DATA FOR PROCESSING:
◇ ◇ ◇ ◇ ◇

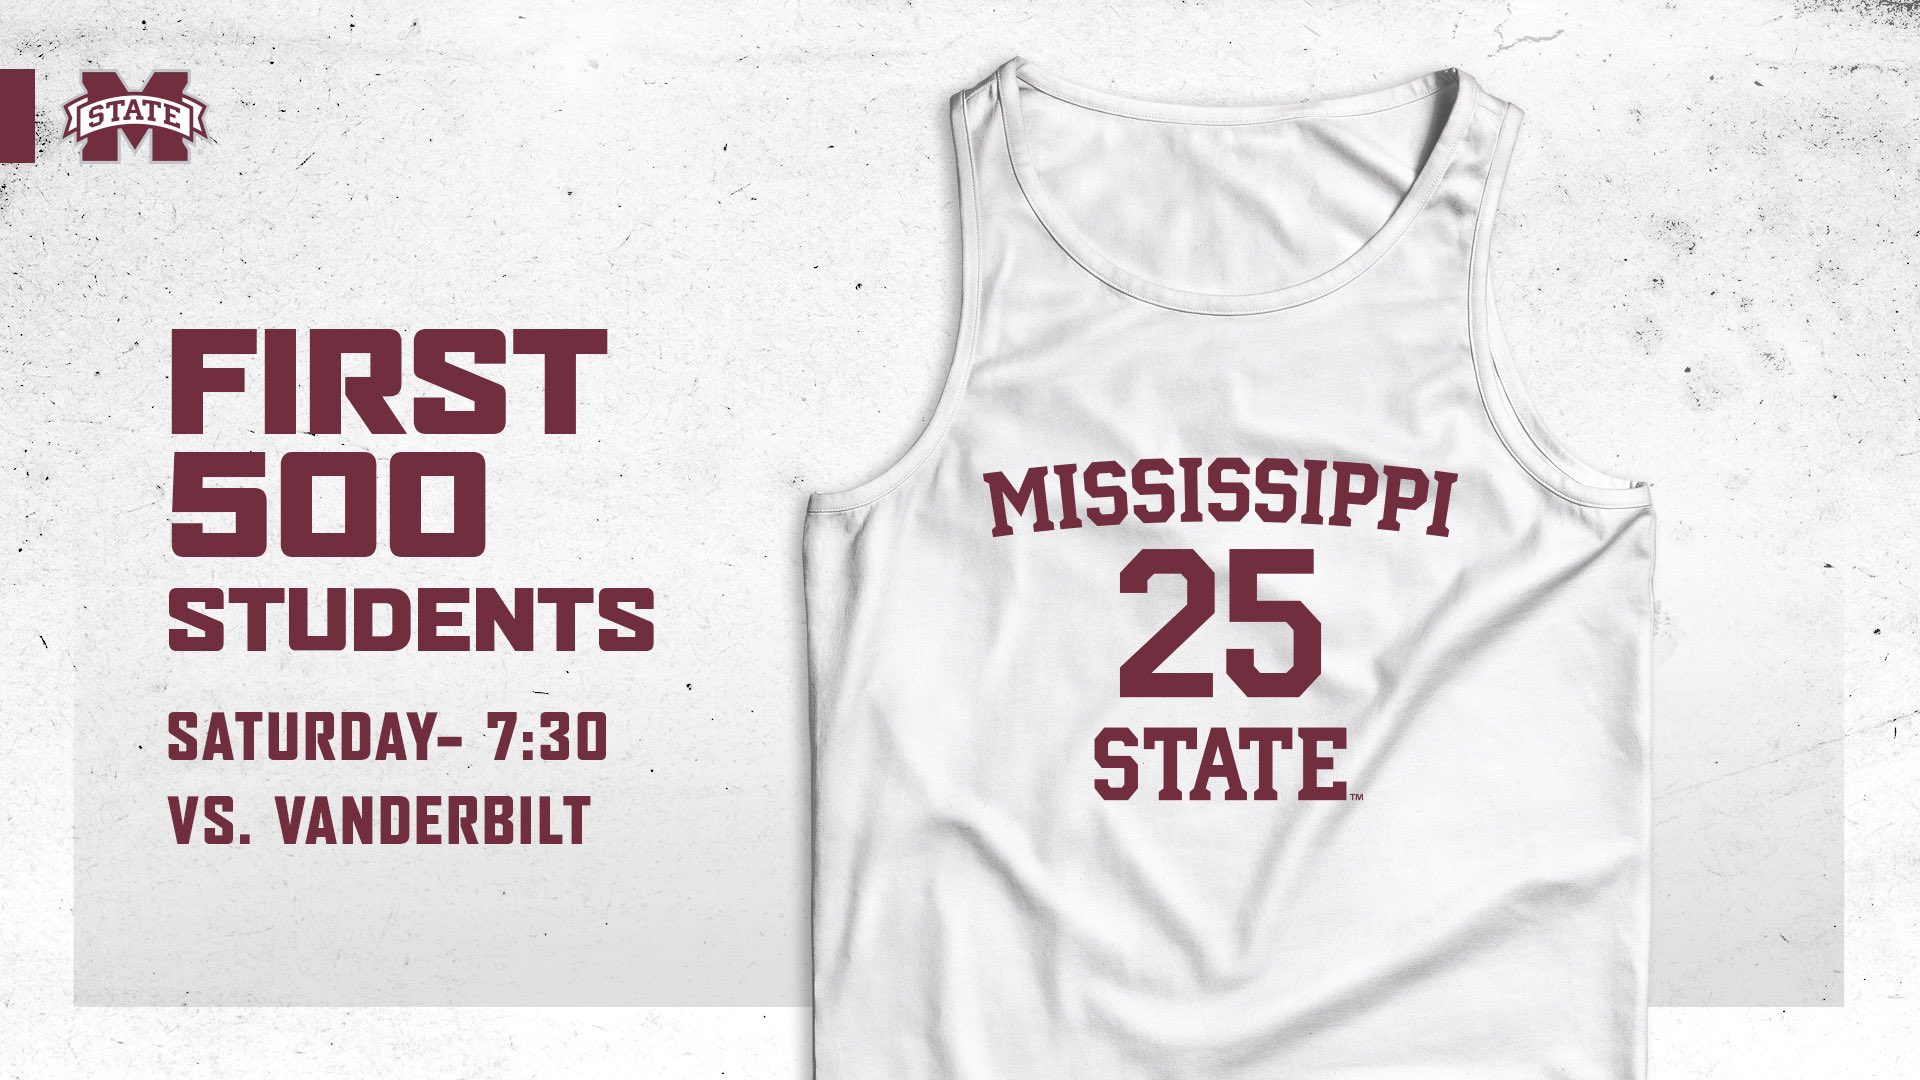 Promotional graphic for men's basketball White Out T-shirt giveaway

◇ ◇ ◇ ◇ ◇

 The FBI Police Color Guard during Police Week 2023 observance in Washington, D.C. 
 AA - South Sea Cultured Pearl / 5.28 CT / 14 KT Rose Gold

◇ ◇ ◇ ◇ ◇

WHAT IS NEEDED: Using only the entries above, output the line with "The FBI Police", the line with "AA - South Sea", and all lines between them, exactly as they stand.

EXERCISE RESULT:
 The FBI Police Color Guard during Police Week 2023 observance in Washington, D.C. 
 AA - South Sea Cultured Pearl / 5.28 CT / 14 KT Rose Gold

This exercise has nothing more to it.